- **Material provided**:
■ ■ ■ ■ ■
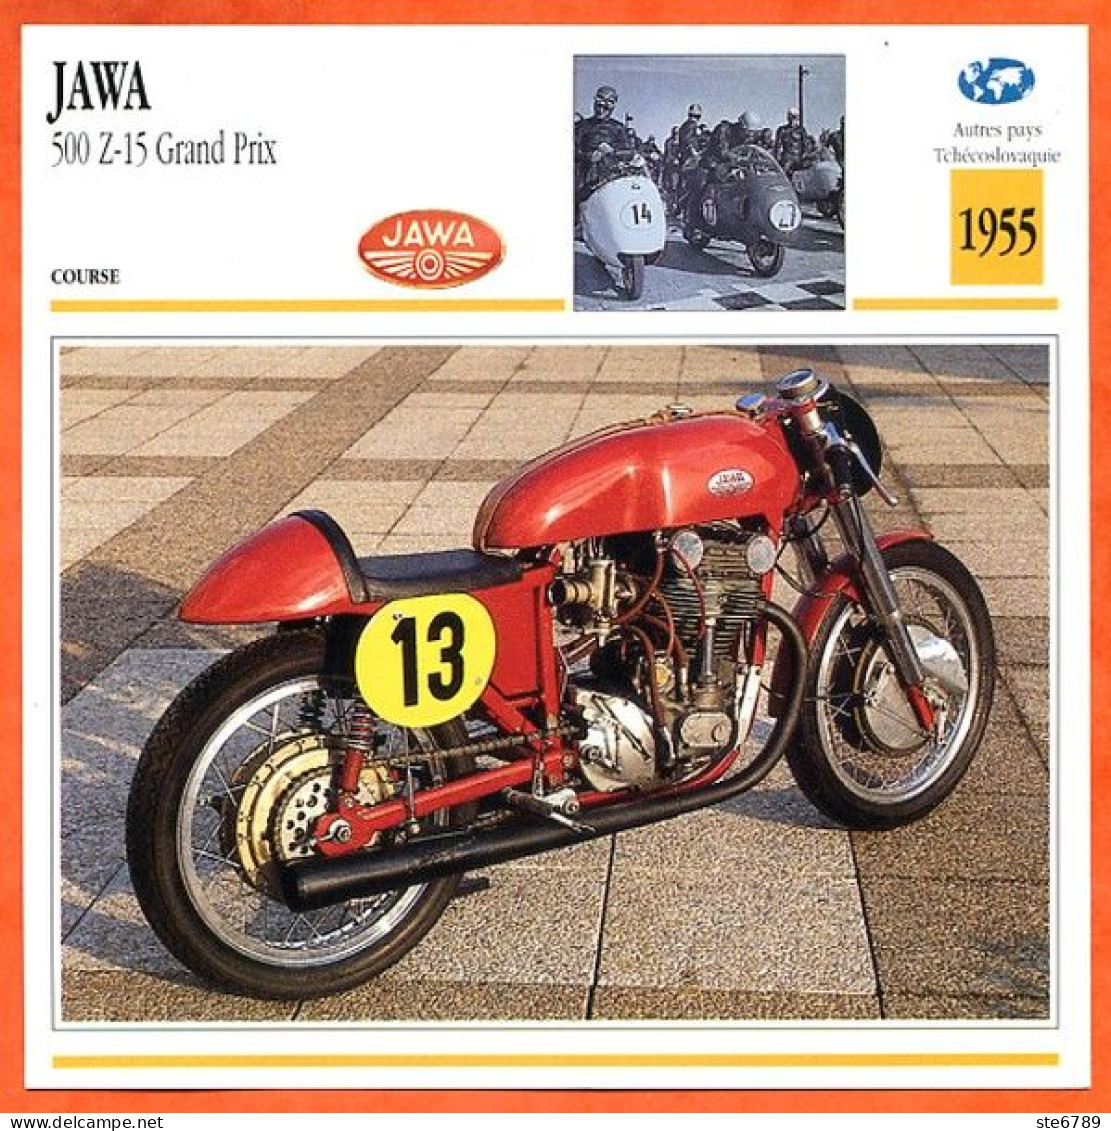 JAWA 500 Z-15 Gd Prix 1955 Tchécoslovaquie Fiche Technique Moto - Sports
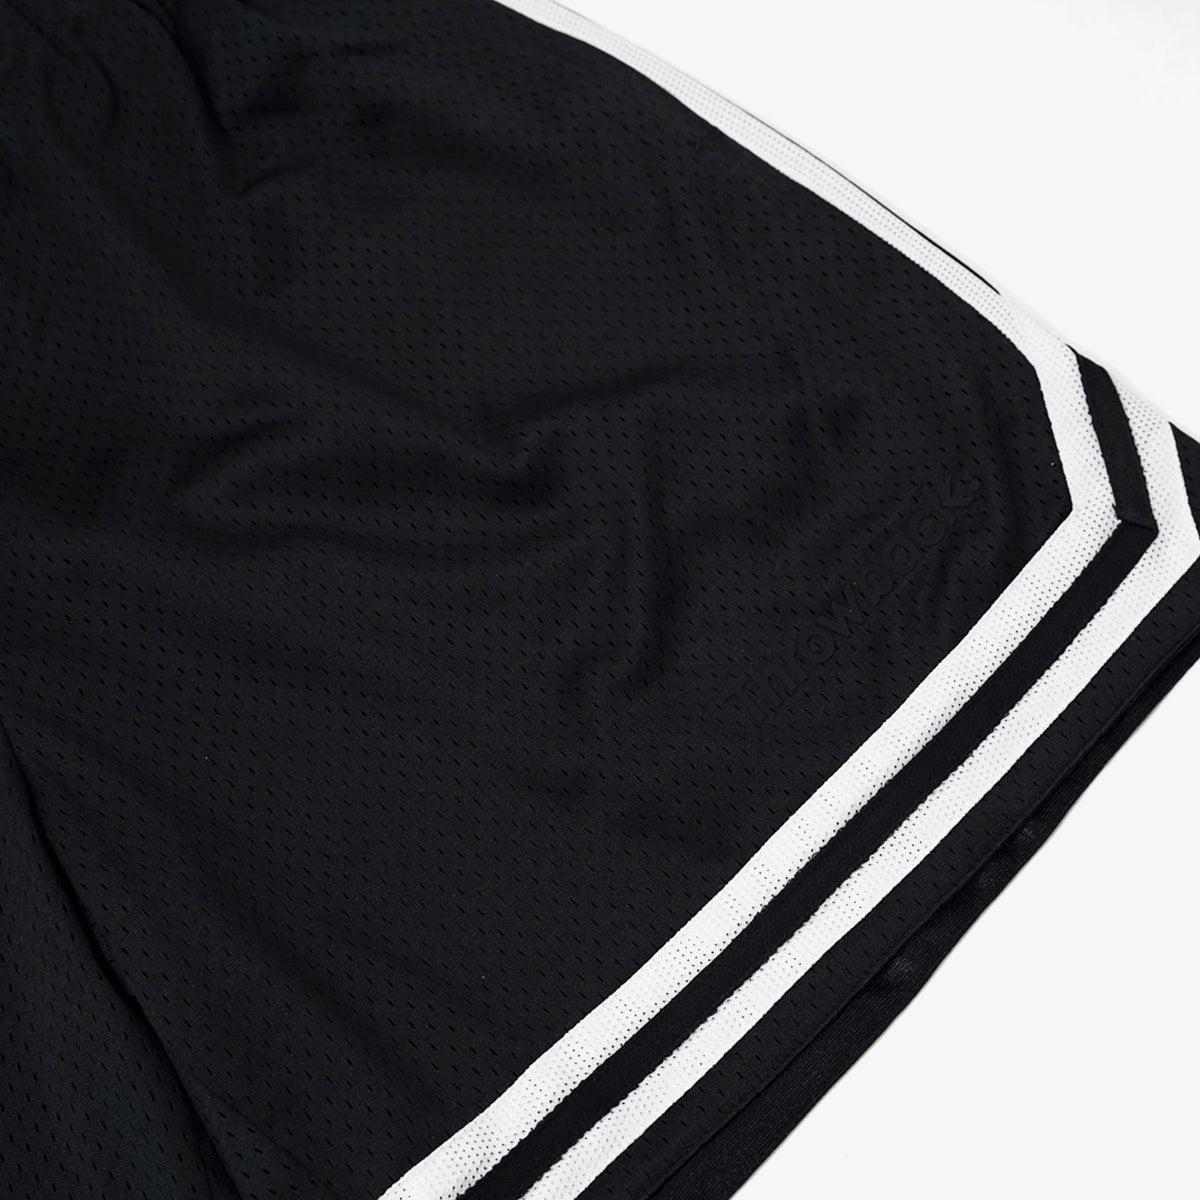 Throwback Blacktop Classic Mesh Shorts with Pockets - Black
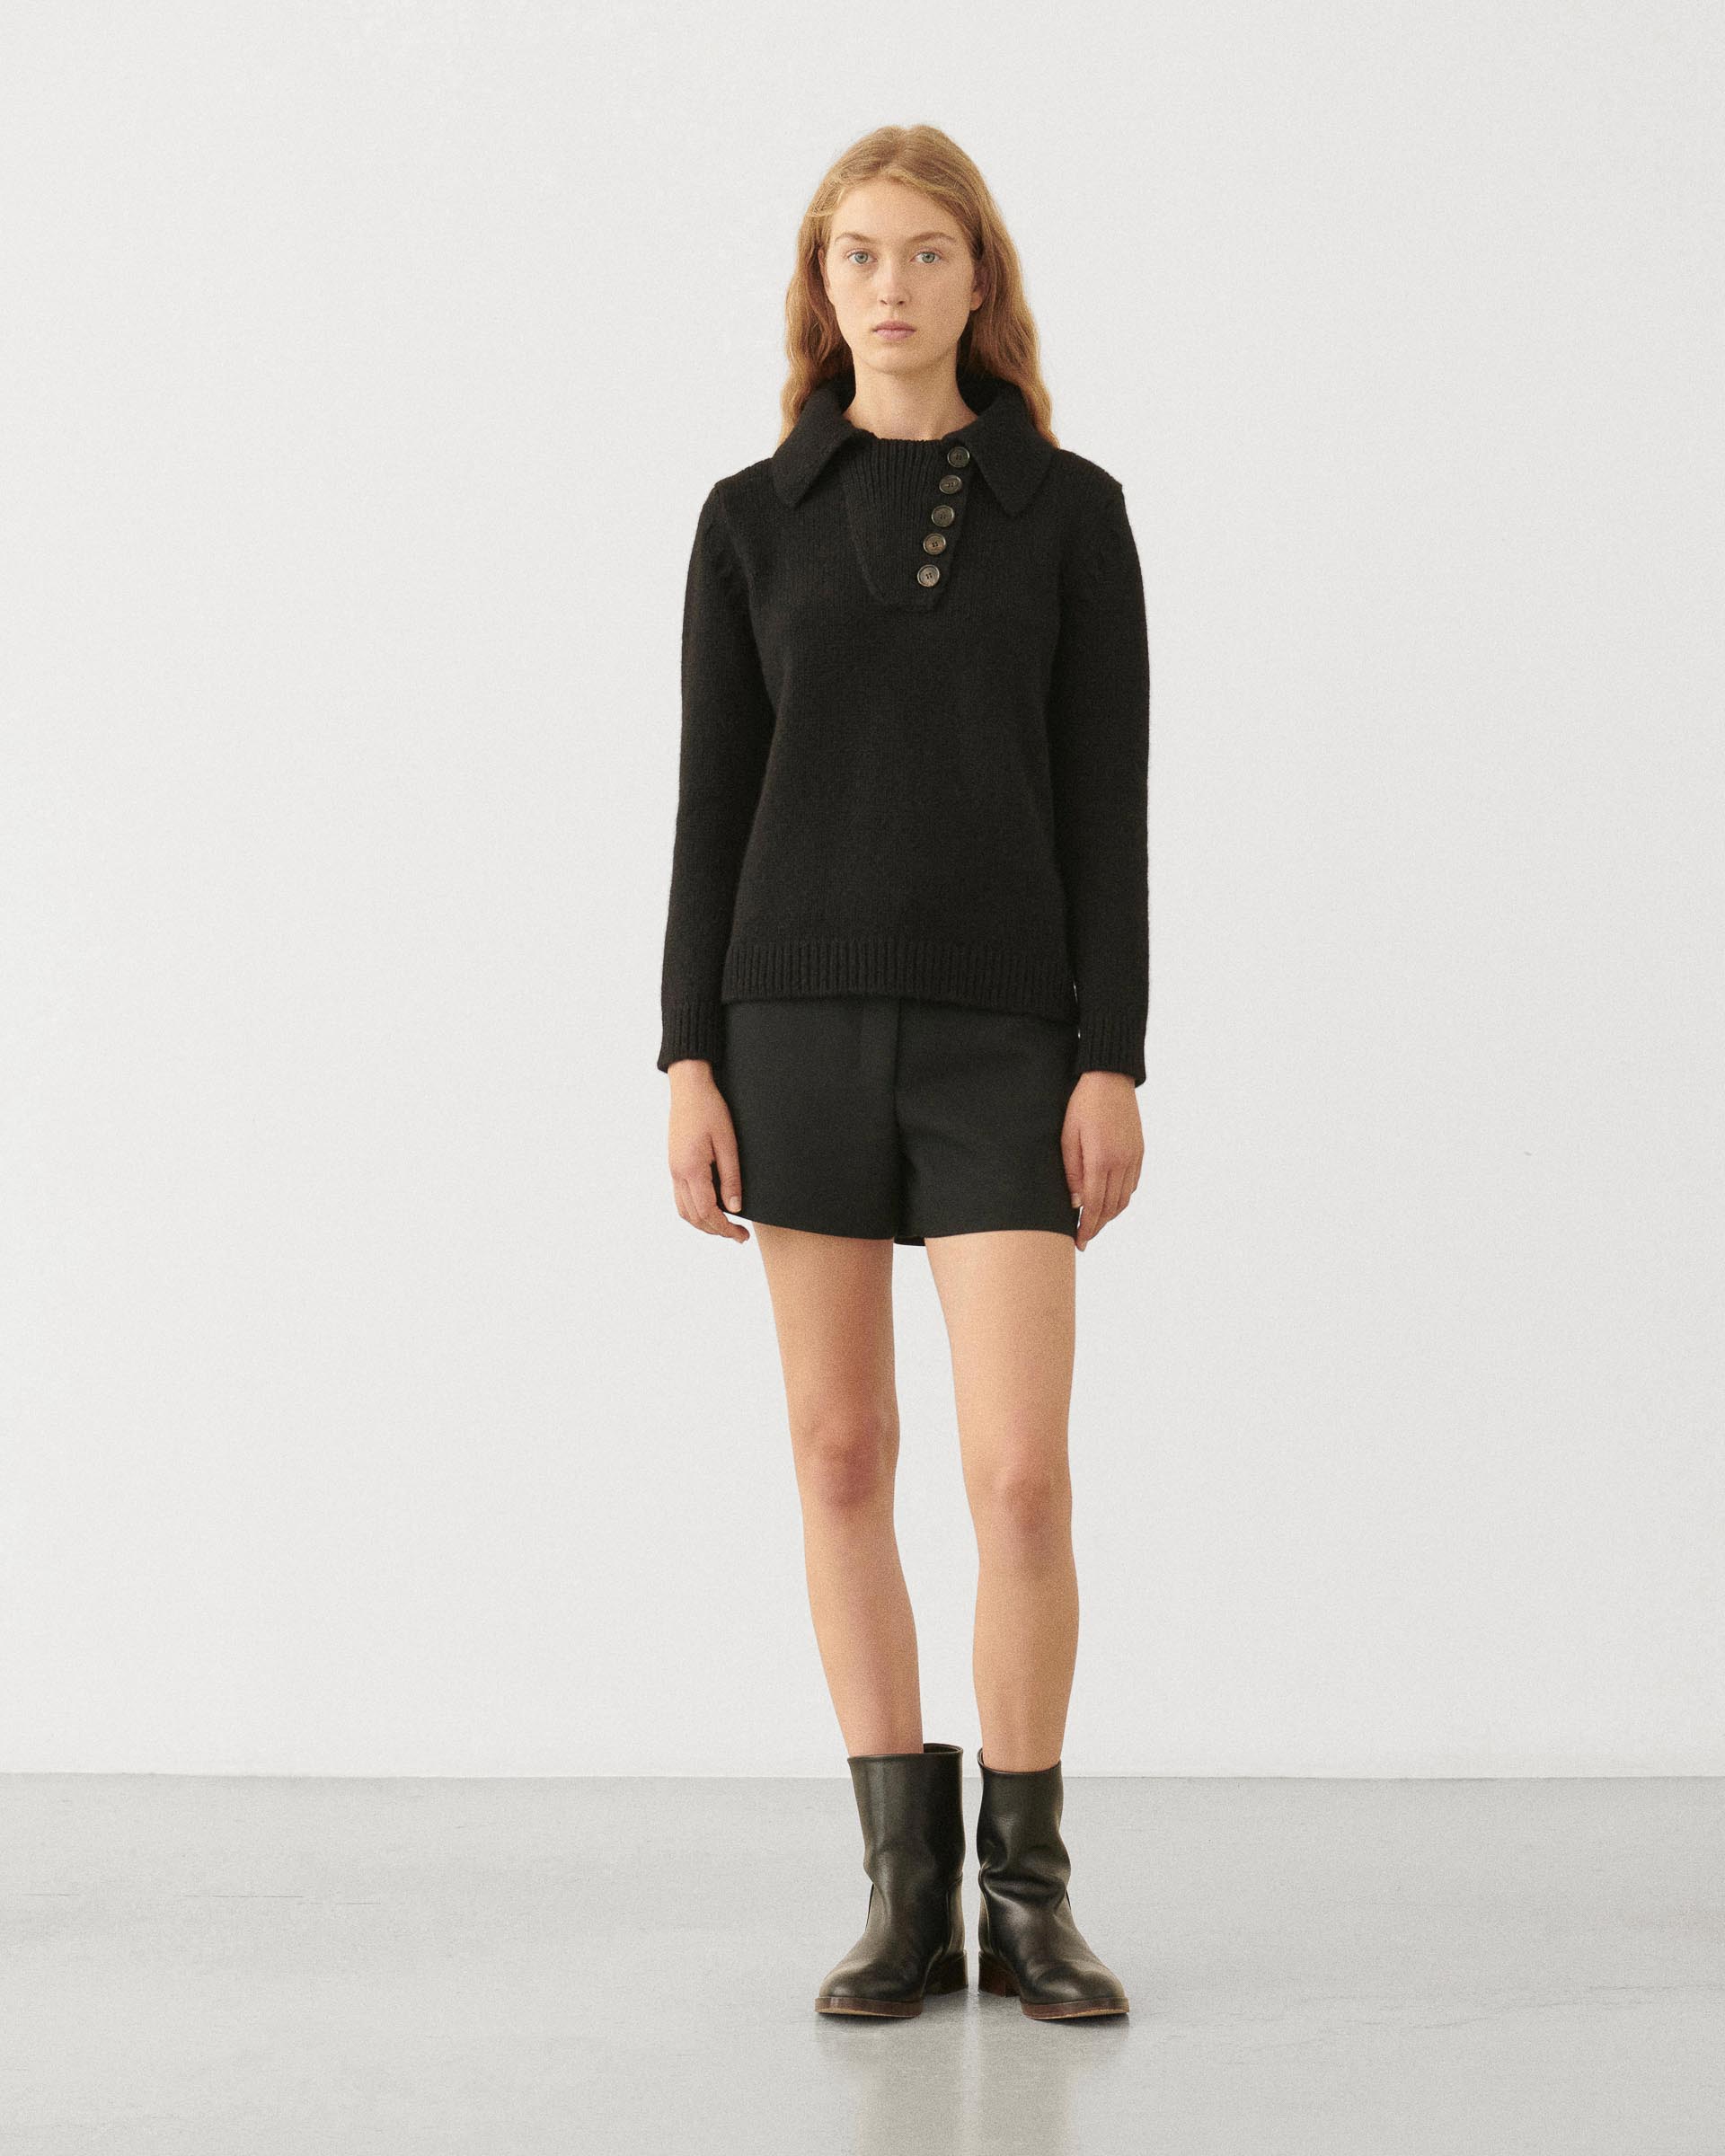 Ana Sweater in Cashmere, Black
■ ■ ■ ■ ■
When you retype the data above, match every line exactly and leave the pictures behind.

- **Task output**:
 JAWA 500 Z-15 Gd Prix 1955 Tchécoslovaquie Fiche Technique Moto - Sports
 Throwback Blacktop Classic Mesh Shorts with Pockets - Black
 Ana Sweater in Cashmere, Black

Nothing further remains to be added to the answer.